Current situation: How did we get here?
When COVID-19 restrictions dropped, the masses did not run back to the office. In fact, according to the first studies post-lockdown, remote work improved many individuals' physical and mental health, enabled newcomers into the workforce as geographical obstacles were overcome, and increased a healthy work/life balance for many. It seemed we had found a better way to work for everyone!
However, during 2023, individuals, teams, and organizations have started to report dramatically longer lead times, decreased ownership of work, less pride in what is being created, and there seems to be less and less innovation happening.

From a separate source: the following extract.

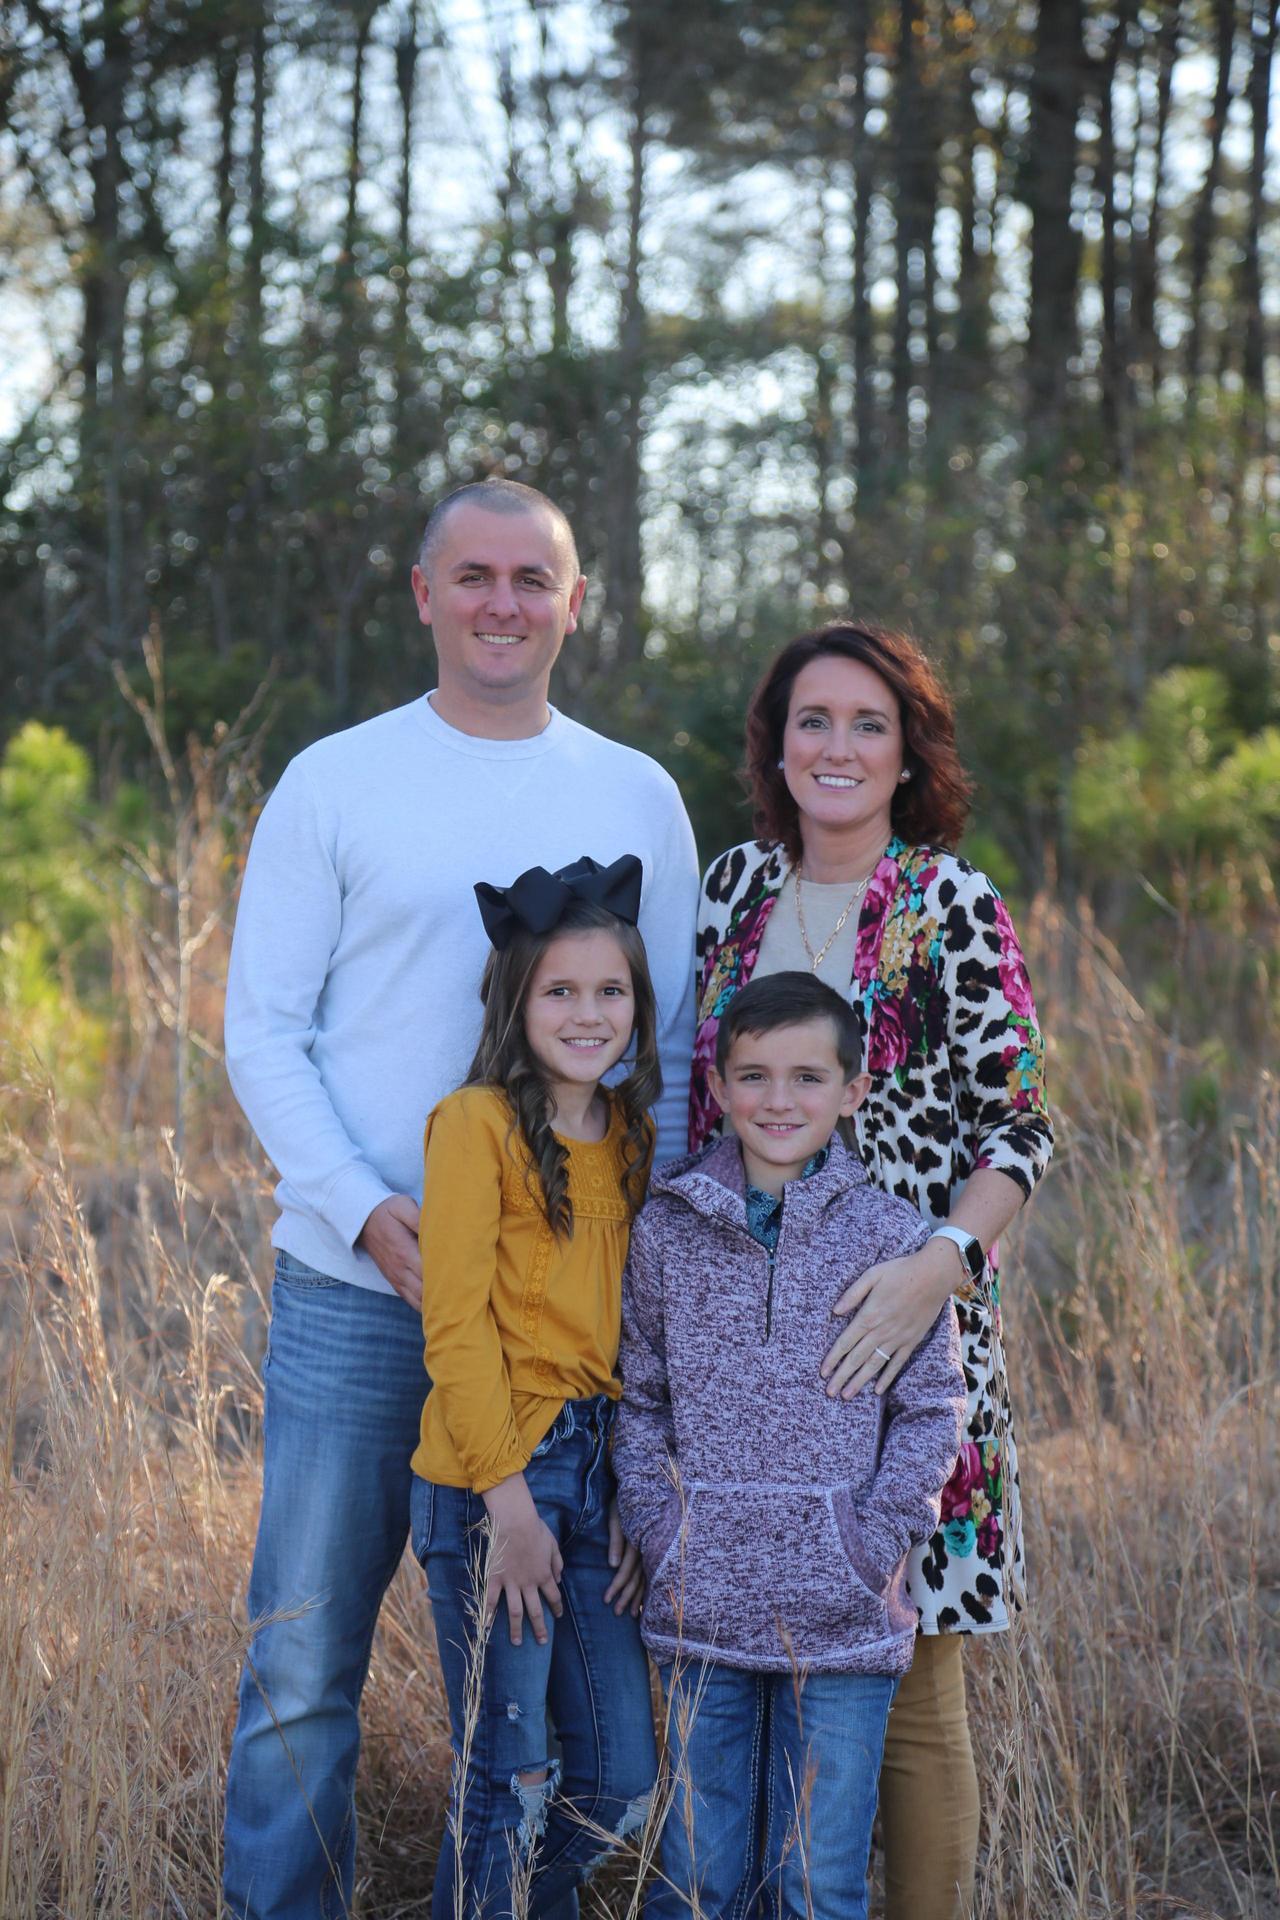 Mrs. Martin's family

As a senior agile coach, I see this trend in digital development across industries, national borders, and cultures through our clients and teams.
One factor in this equation has changed over time: the frequency of remote work. Before COVID, remote work was occasional, not the norm. I knew of a few teams with weekly designated remote day(s), but most teams worked together co-located.
Now, I meet individuals who have been working on the same projects for months, sometimes even years, and have never met those they work with… and many of these people live in the same city.
What remote work causes long-term
When people don’t meet face to face, we lose the easygoing chit-chat that happens when we get our morning coffee together, when we see each other in the hallway, or when we talk about what to have for lunch. These are often the moments we share things about our lives outside of work, spontaneously discuss information we came across, or build on ideas, as these settings seem less formal than official meetings.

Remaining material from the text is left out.